-- Material shown follows --

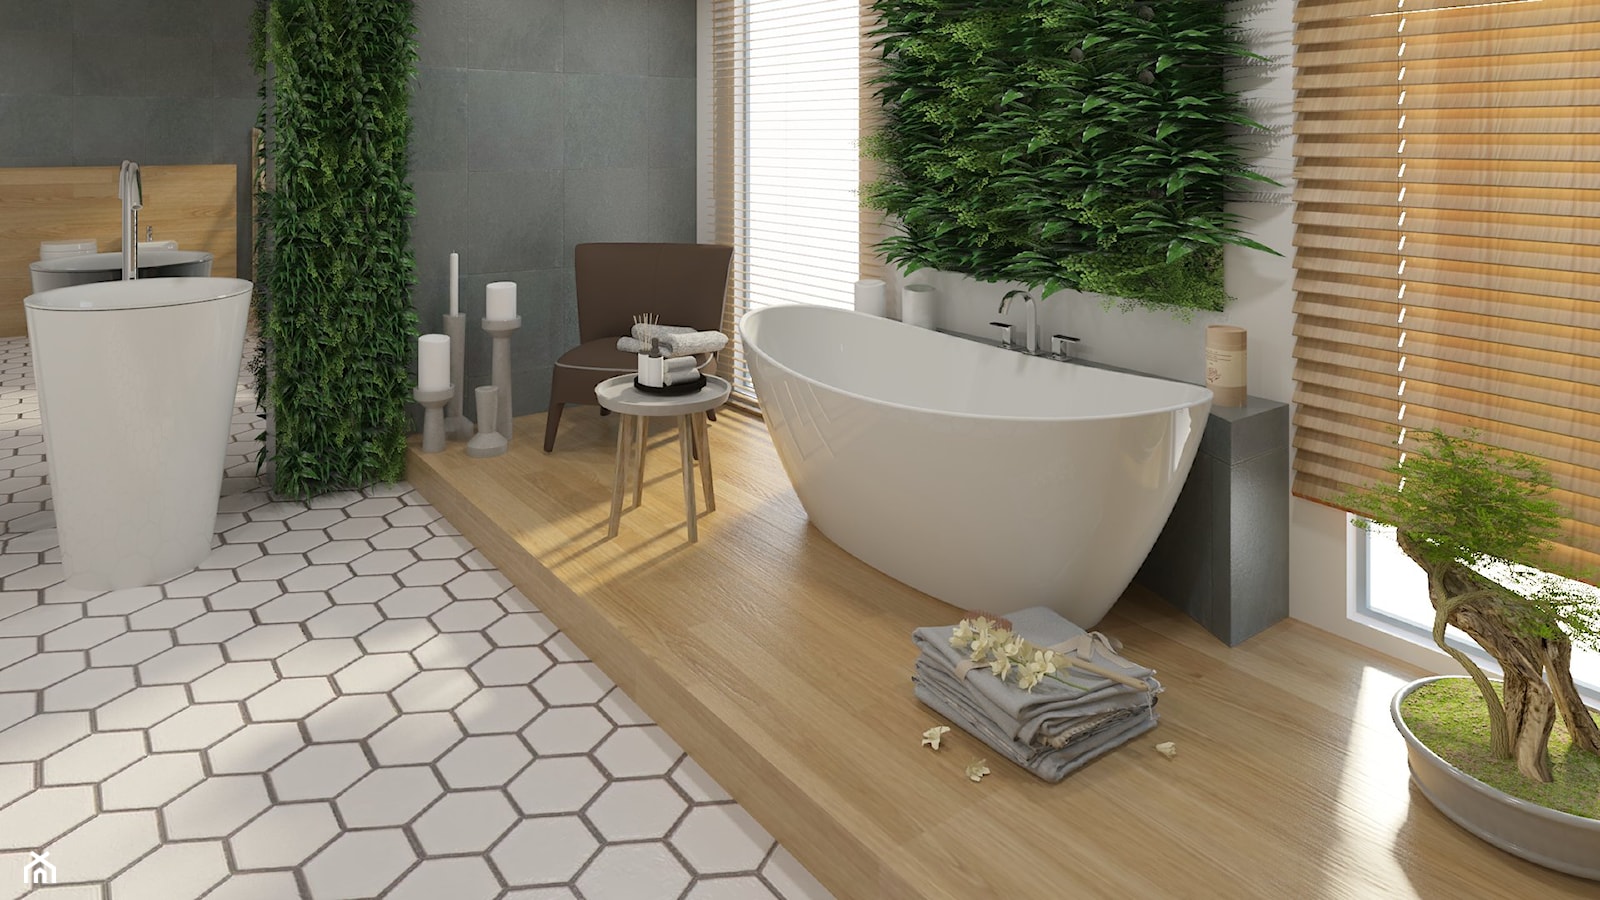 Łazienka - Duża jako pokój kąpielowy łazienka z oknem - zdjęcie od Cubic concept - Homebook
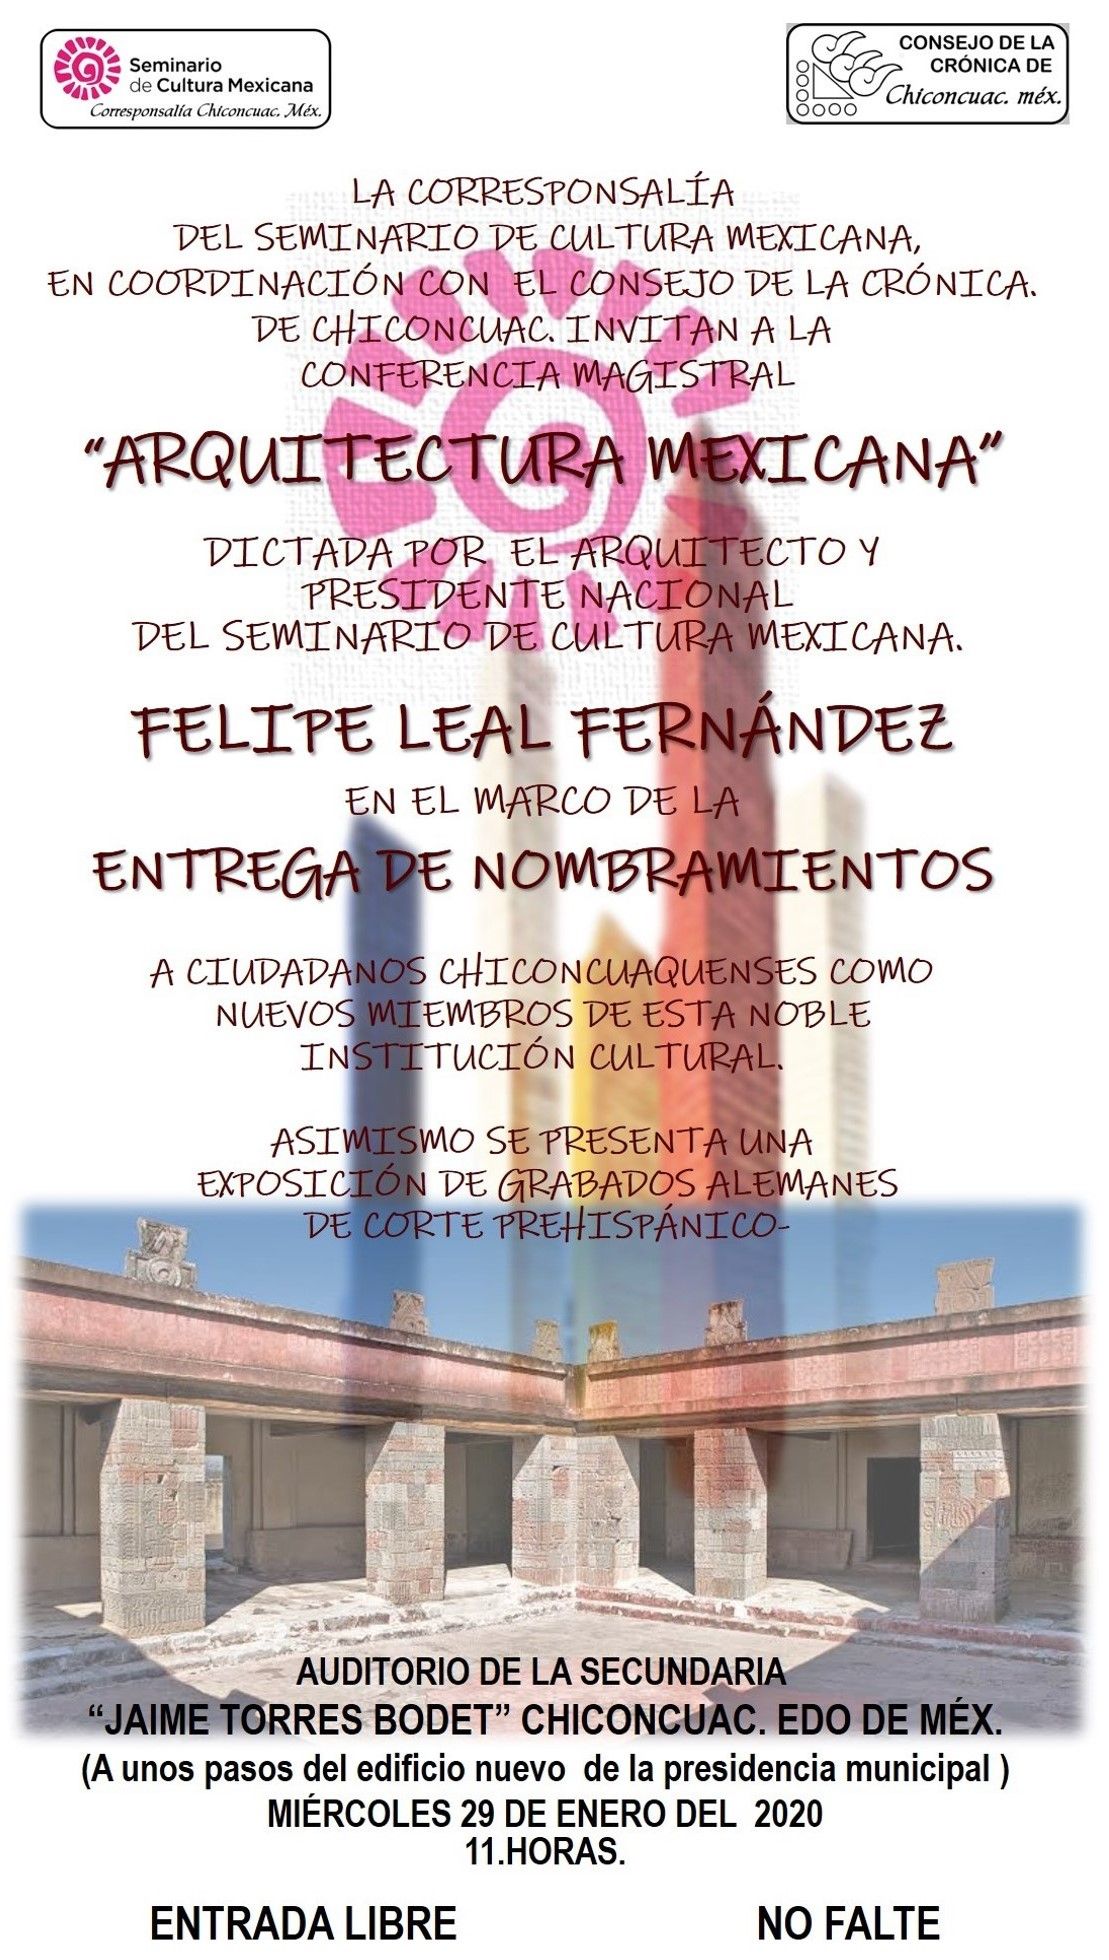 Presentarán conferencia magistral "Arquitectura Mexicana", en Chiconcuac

-- Material shown concluded --
-- Material shown follows --

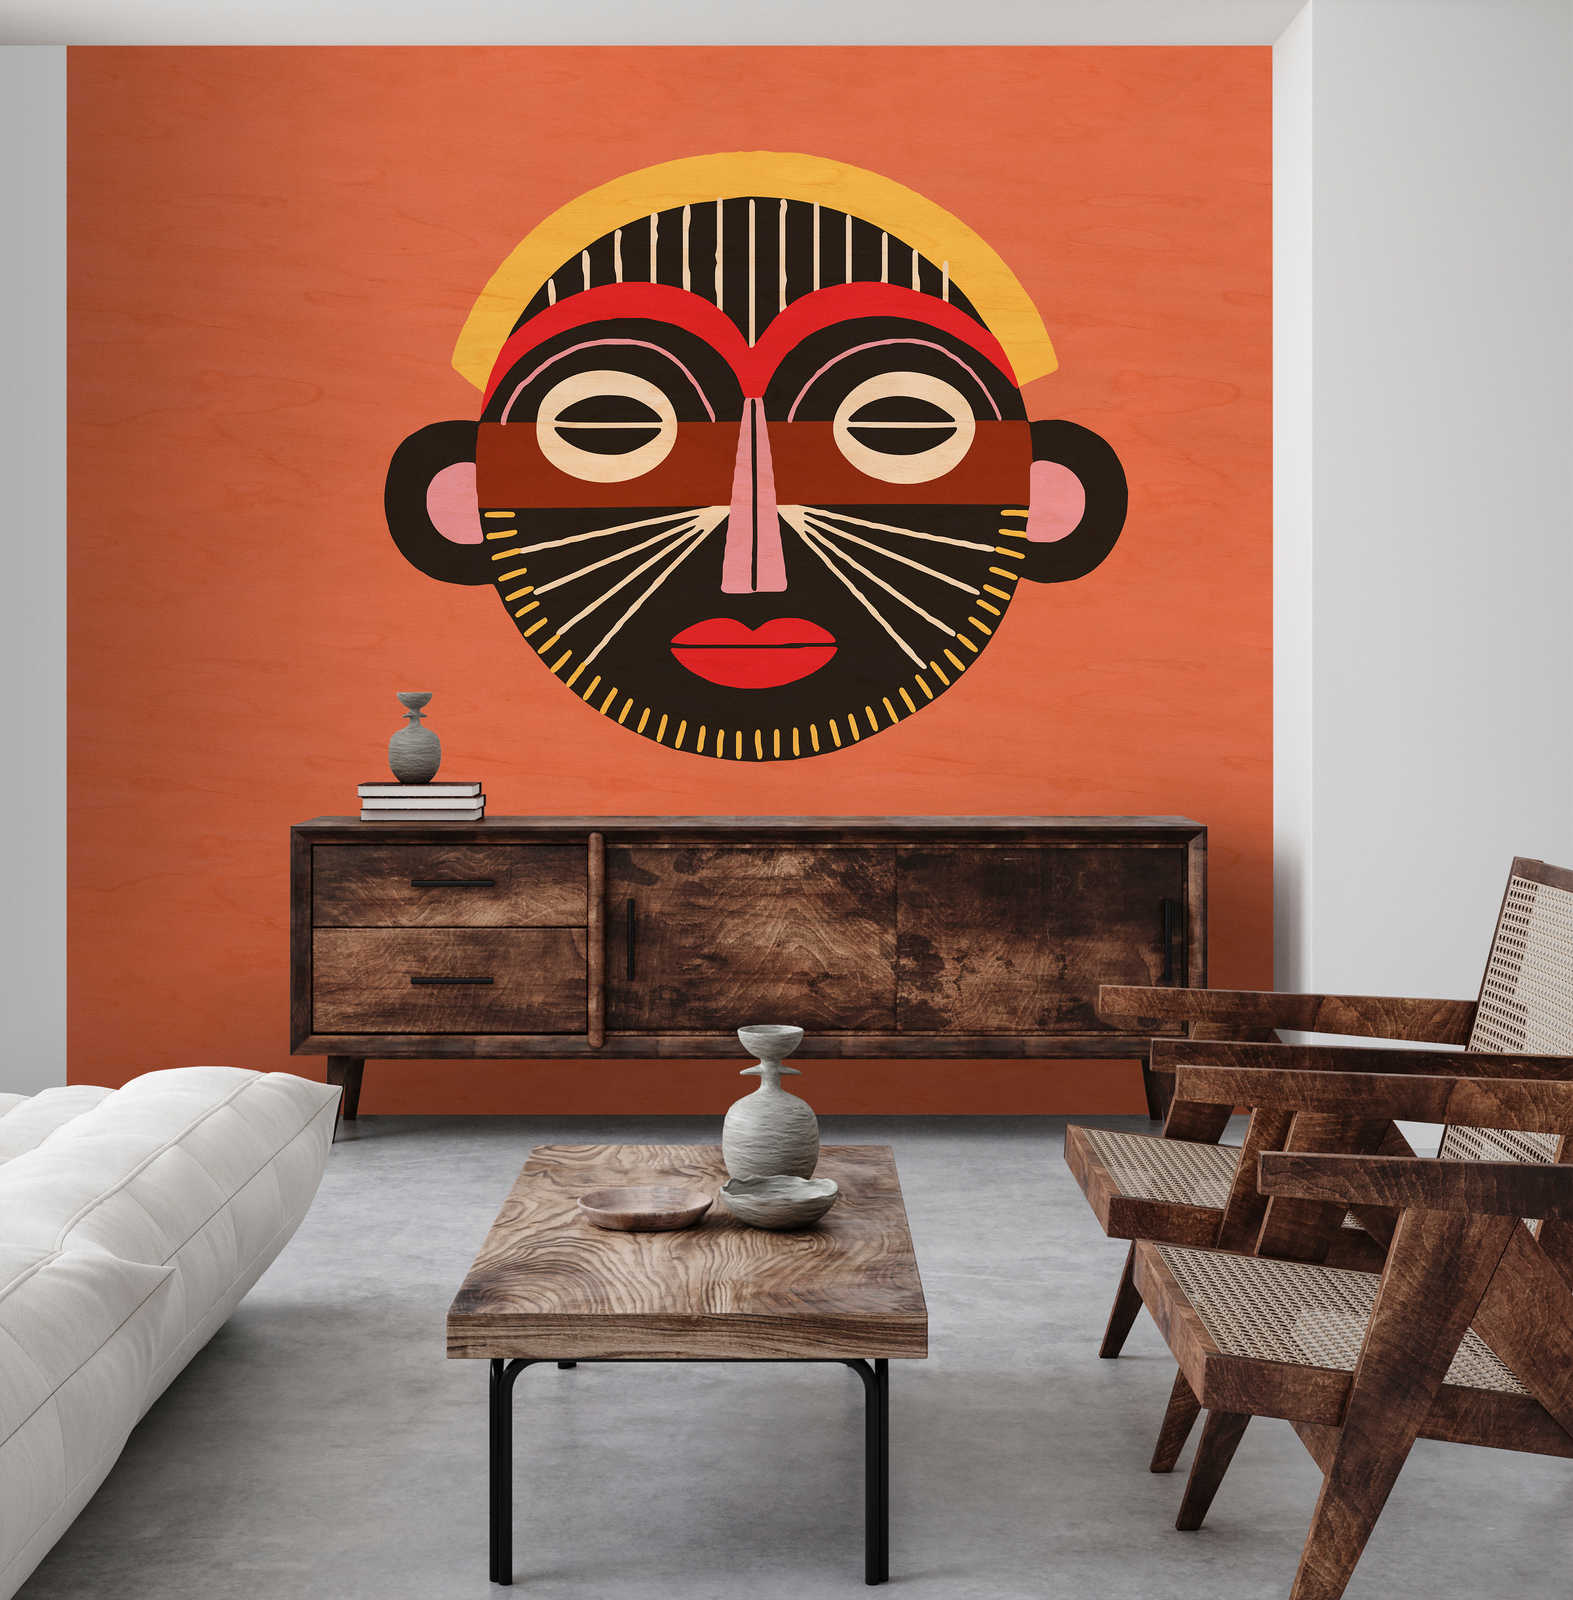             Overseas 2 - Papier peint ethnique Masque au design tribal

-- Material shown concluded --

Exercise instructions: Copy only this from above: the line containing "Łazienka - Duża", the line containing "Presentarán conferencia magistral", and all lines between, printed exactly. Leave out the pictures.

Written response:
 Łazienka - Duża jako pokój kąpielowy łazienka z oknem - zdjęcie od Cubic concept - Homebook
 Presentarán conferencia magistral "Arquitectura Mexicana", en Chiconcuac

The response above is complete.